Anyway, I was thinking of other options, just in case, or more like, when I find that it is still closed. So, I drove up there and, this time, I didn’t pull into the road, because they still had the ‘Trucks Turning’ sign posted a few hundred yards ahead of the road, on the main highway, so I figured, “Here we go again”.

But, when I went flying past the Panel Mine Road, I saw that the Road Closed sign was lying on the side of the road, and not blocking the entrance. I still had my doubts, but I swung around and headed in. I was half expecting someone to see me coming and start waving me off but, I saw another car coming towards me, and they just passed by normally.

When I reached the area of the construction, where they had installed these new, huge corrugated pipes under the road, to allow the Serpent River to pass under the road, there was a bunch of construction workers sitting there, blocking half the road. I slowly drove up, wondering if they were going to turn me back, but they just looked at me, as if I was a nuisance, and let me pass.

It looked like they were just doing the final cleanup, after the pipes were installed, and they probably opened the road because the work had gone way over the Sept. 11 projected finish date, and there is a small seniors trailer park past this point, which needed access to this road, in order to get out.

Anyway, to my surprise, I made it through, and the hike to Strike Lake was a go. I usually check my maps before I hike into an area that I’ve never hiked before but I didn’t do that today, since I was expecting that the road was still going to be closed. It was no big deal, I did have my GPS with me, so I pulled up to the main gate at the Panel Mine site, and parked the truck.

If you’ve read my past posts about this area, you’ll know that I’ve been here before. I have already explored the peninsula, where the mine shaft is located, and I did a hike to Rochester Creek from here also. Today, I will be heading into an area that I’ve never seen before.
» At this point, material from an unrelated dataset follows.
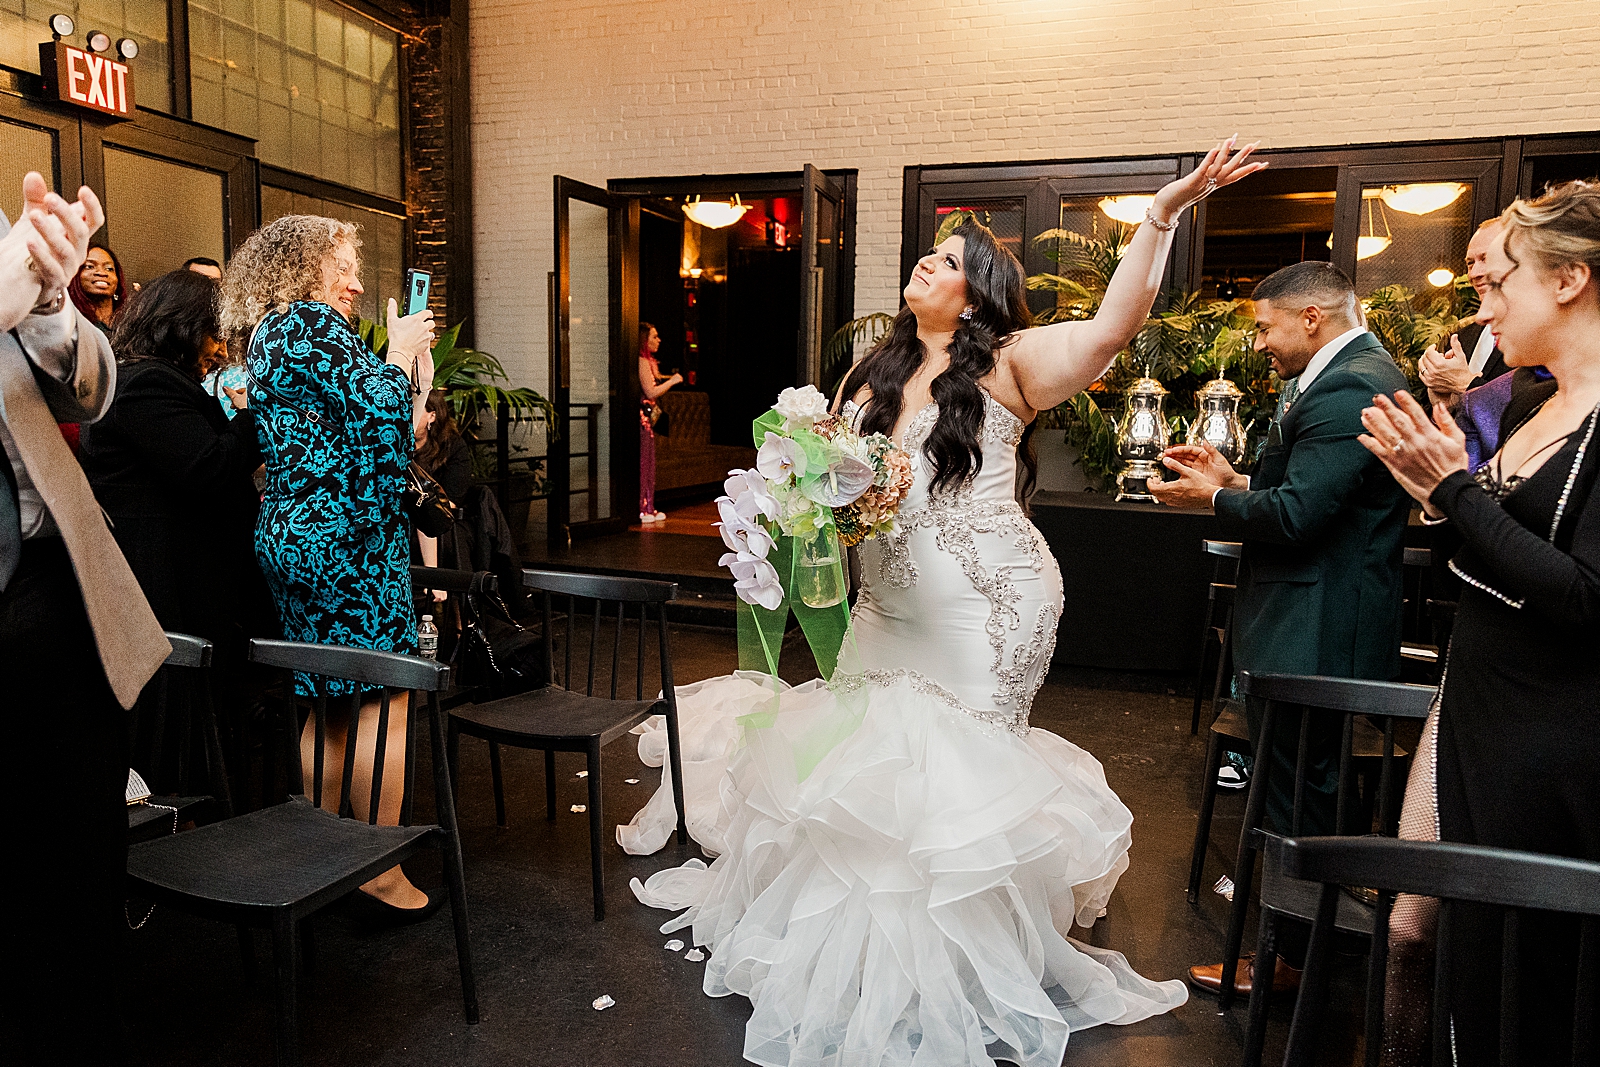 Shot of guests cheering as the bride makes her way down the aisle.

Okay, so this is where I will be heading into new territory. When I did the hike to Rochester Creek, I took that smaller road to the right. This time, I will be continuing on the main road to the left, which, eventually, will lead to Strike lake.
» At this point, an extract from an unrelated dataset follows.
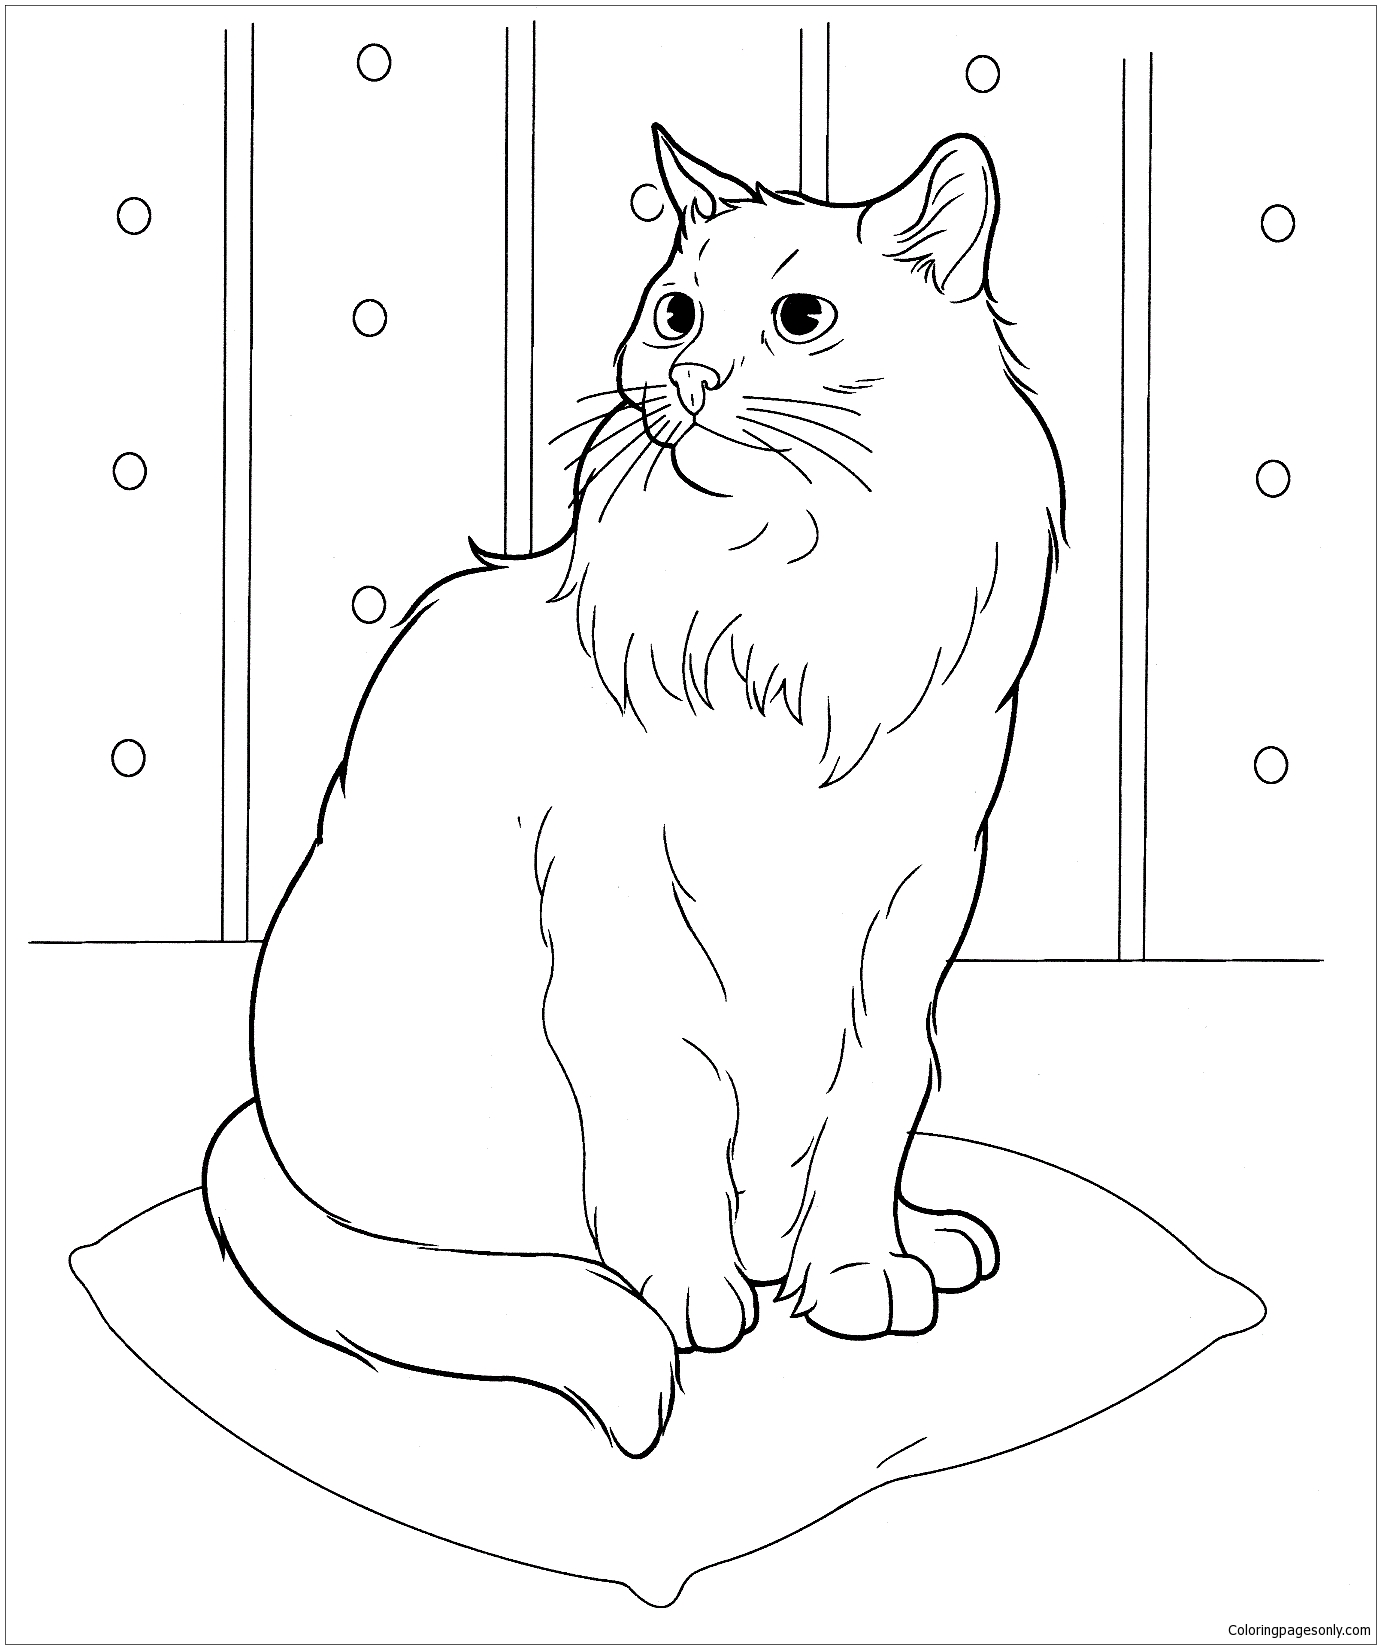 Siberian Cat Coloring Page

This road turns left, and heads uphill right away. You can see the remains of, what was, another gate here. There used to be a public boat launch into Quirke Lake a number of years ago, but they closed that launch and moved the main gate out to where it is now.


Almost to the top of the hill, past the old gate, there is this rocky area, off to the left, and it provided a nice view over Quirke Lake.
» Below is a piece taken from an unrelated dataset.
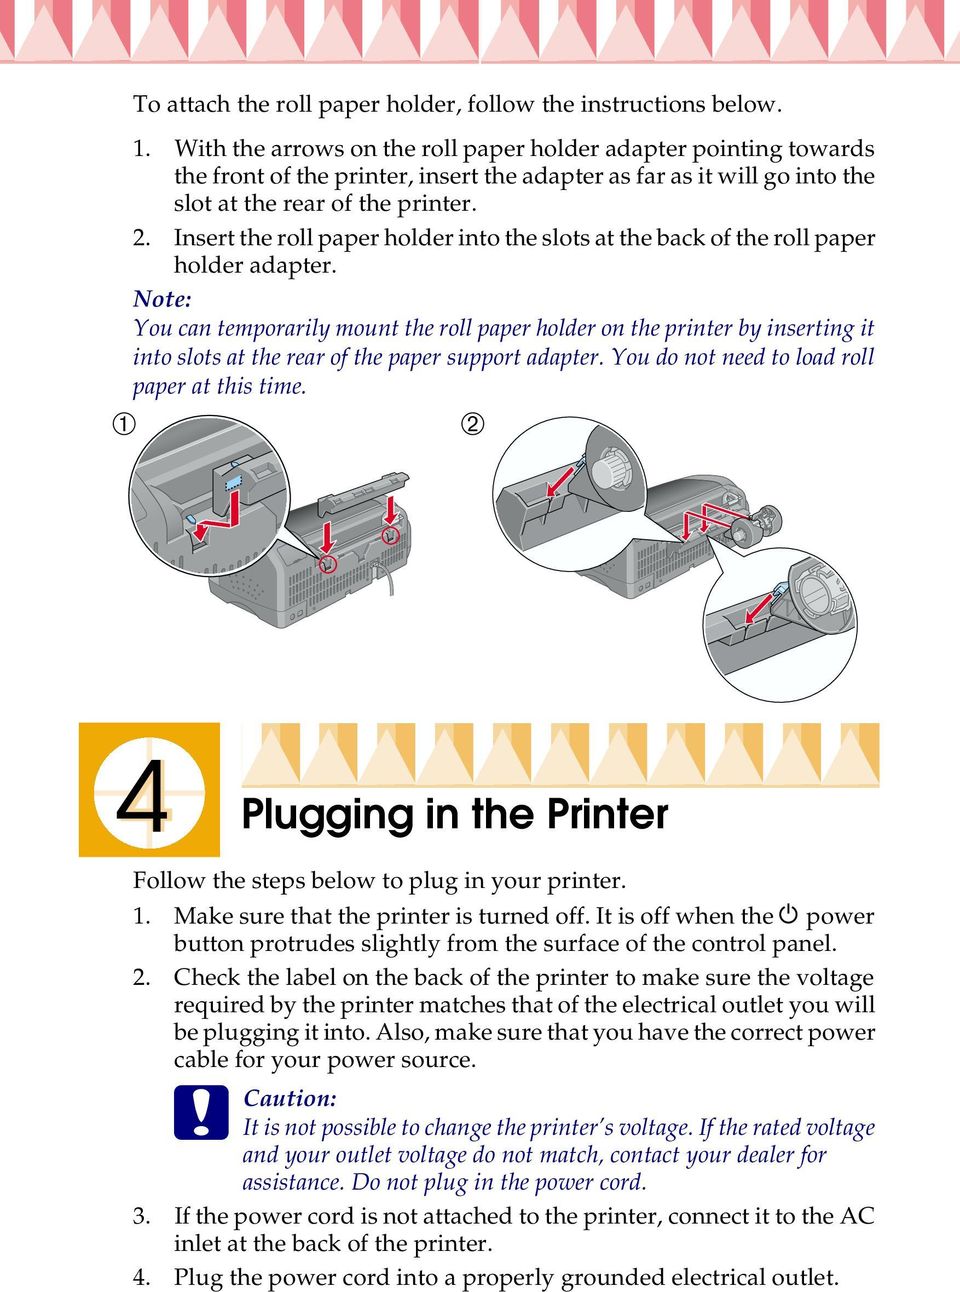 Insert the roll paper holder into the slots at the back of the roll paper holder adapter.

You can see that there was a fair breeze today and, with the very cool temperatures, I decided to dress fairly warmly for this hike. That proved to be a wise decision, and made this hike much more enjoyable.


This is mushroom season and, as usual, I find it hard to pass up a good looking mushroom. There will be more to come. 🙂


What a perfect day for a nice, long quiet hike.

IMG_0020 Panorama

I came to a pond, on the left hand side of the road, and it was a very scenic area, so I stopped, and went off road for a while, to explore and take pictures.


Exploring in the pond area, I walked across an old beaver dam and, when I was coming back, I nearly fell in the water. I was just able to save myself, at the last second. That would have been a disaster, since I have all my camera equipment with me.

IMG_0028 Panorama

Another scenic pond along the left side of the road.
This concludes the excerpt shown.